Kognitive Dissonanz

Das deutsche Wikipedia definiert kognitive Dissonanz als (sozial-)psychologischen Begriff welcher einen als unangenehm empfundenen Gefühlszustand beschreibt, der dadurch entsteht, dass ein Mensch mehrere Kognitionen hat – Wahrnehmungen, Gedanken, Meinungen, Einstellungen, Wünsche oder Absichten –, die nicht miteinander vereinbar sind.

Der Zustand der kognitiven Dissonanz existiert aber nicht nur im Menschen, sondern auch in Institutionen, Kulturen und Gesellschaften. In Sapiens führt Harari als Beispiel das Rittertum des Mittelalters auf. Einerseits war den Rittern das Christentum wichtig und dieses predigte, die andere Wange hinzuhalten, andererseits aber hielt das Rittertum Tapferkeit in Ehren – der Begriff „Ritterlichkeit“ ist heute noch verständlich. Natürlich war beides ebenso wichtig wie unvereinbar. Diese innere Dissonanz des Rittertum war mit ein Grund für die Kreuzzüge. Auf diesen konnte der Ritter sowohl seine Tapferkeit, als auch seine Gottesfürchtigkeit unter Beweis stellen. Die Kognitive Dissonanz also, welche gewisse Menschen vor innere Herausforderungen stellte, entwickelte sich, da genug Menschen mit derselben Dissonanz zu ringen hatten, zu einem gesellschaftliche-kulturellen Phänomen, welche sich in einem blutigen Kriegszug manifestierte.

Das Konzept der kognitiven Dissonanz scheint mir ein nützliches Werkzeug zu sein, um sowohl sich selbst als auch andere Menschen und gesellschaftliche Phänomene überhaupt zu analysieren. Hinter manchem konfliktären Verhalten steckt kognitive Dissonanz. Diese zu erkennen, kann einem helfen, sich dem Konflikt gegenüber richtig zu verhalten, sei es ein innerer, ein zwischenmenschlicher oder ein kulturell-politisch-gesellschaftlicher Konflikt.

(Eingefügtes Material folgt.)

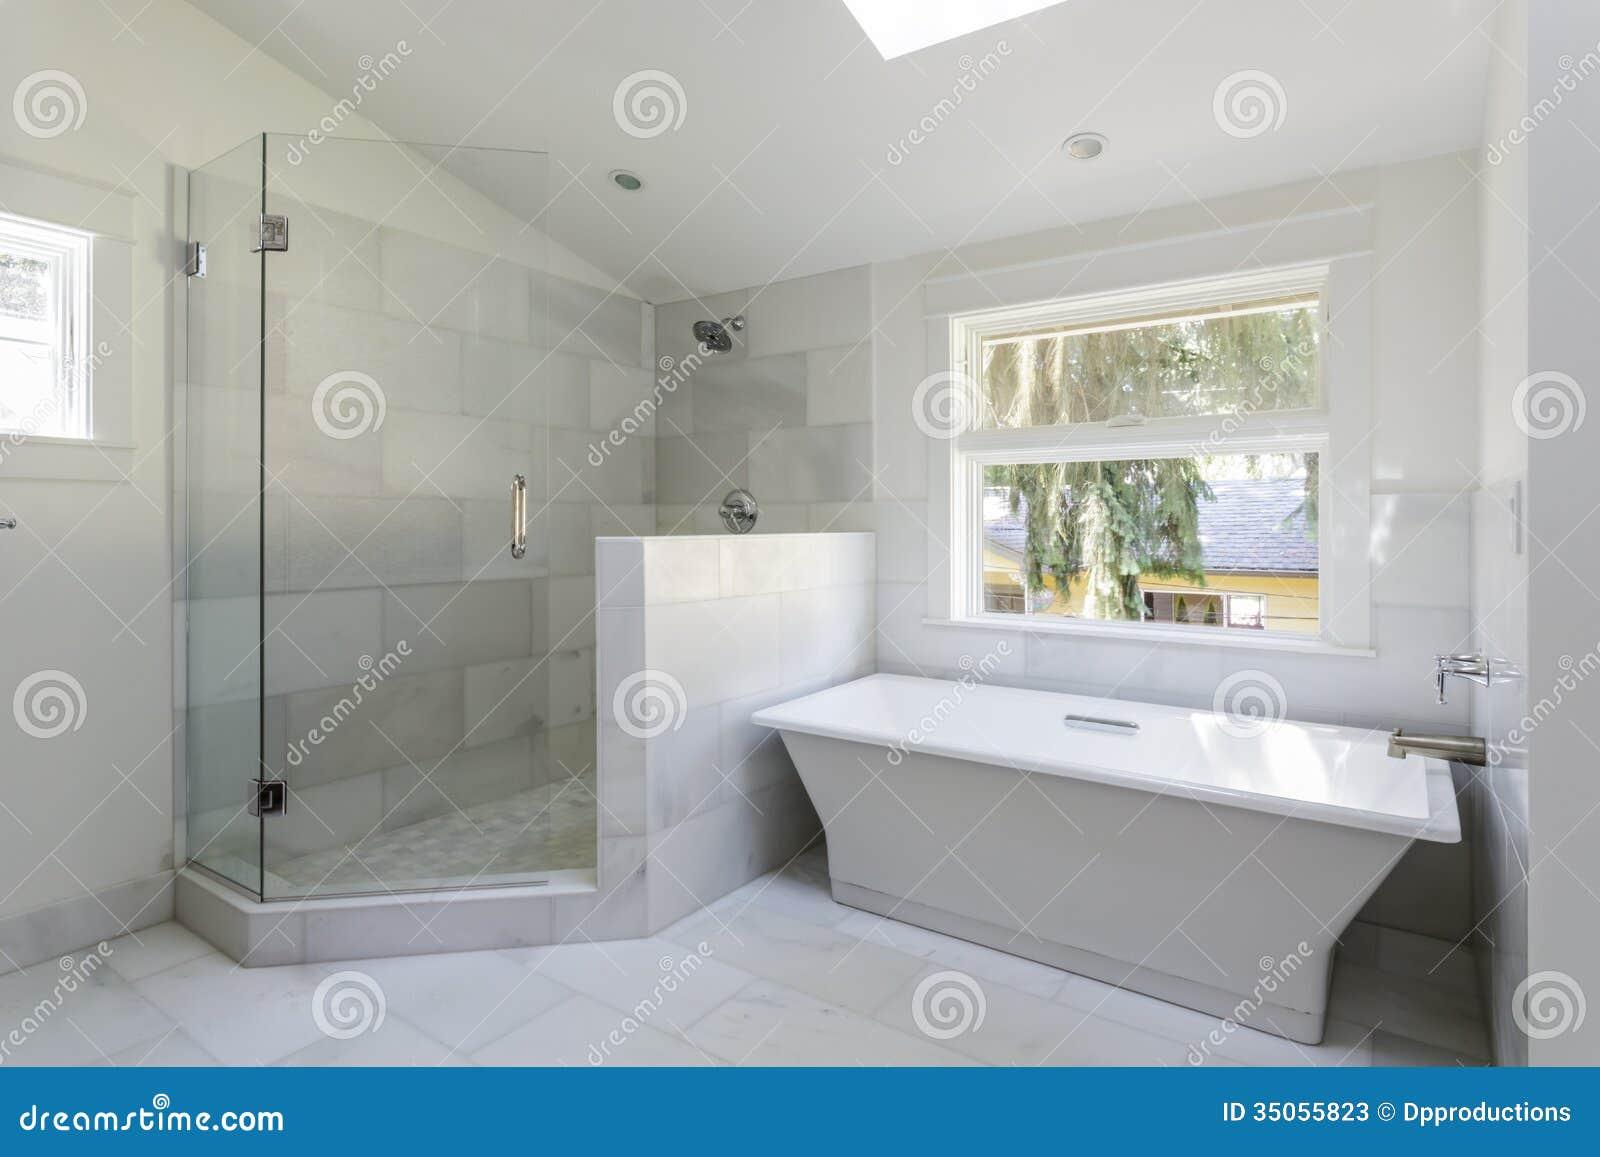 salle de bains moderne avec la douche et la baignoire image stock image 35055823. Black Bedroom Furniture Sets. Home Design Ideas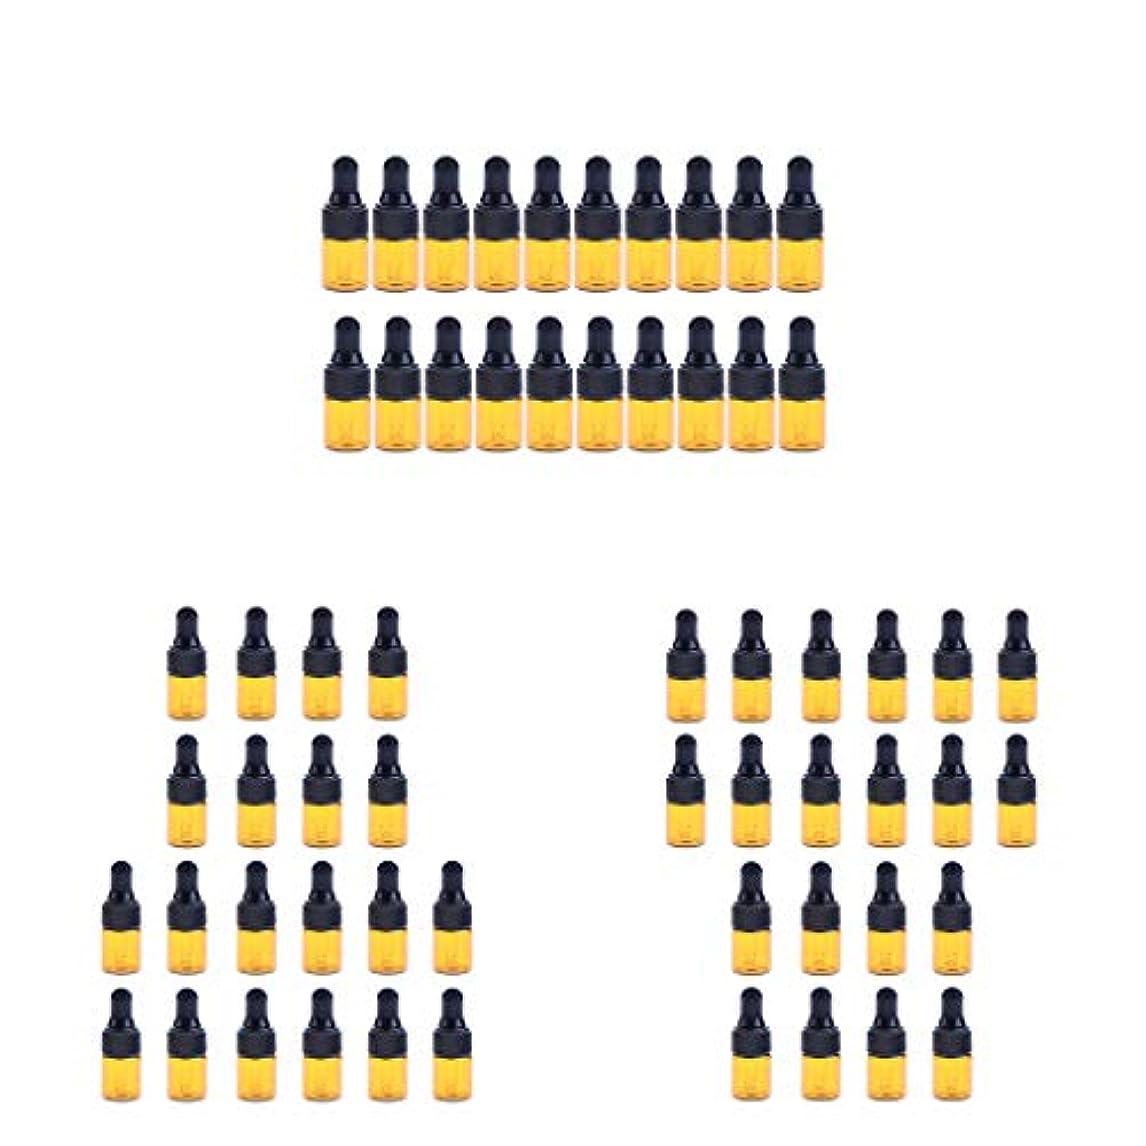 次へリンケージハンサムdailymall エッセンシャルオイル ボトル ガラス ドロッパーボトル 3 Ml 約60ピースセット

Im Persönlichen wird kognitive Dissonanz oft nicht als solcher erkannt, sondern als eigene Schwäche interpretiert. So geißelte sich der Mönch, wenn er dem Fleische erlag. Es gilt aber zu erkennen, dass es im Leben die eine Wahrheit und den einen Weg nicht gibt, und dass es innere Dissonanzen ein nützlicher Wegweise sind.

Wer mit einem anderen in Konflikt gerät, tut gut daran, sich die Frage nach der kognitiven Dissonanz im Gegner zu stellen. Man kann den Gegner so durchschauen und ihm entsprechend gegenübertreten. Natürlich sollte man auch seine eigenen Dissonanzen untersuchen – vielleicht stellt man ja fest, dass kein Angriff nötig ist, sondern nur ein Anpassung des eigenen inneren Konflikts.

Drittens empfiehlt es sich auch, bei gesellschaftlichen Phänomenen die kognitive Dissonanz zu suchen. So kann man manches, dass einem „wütend macht“ in ein anderes Licht rücken und sich entsprechend anders verhalten.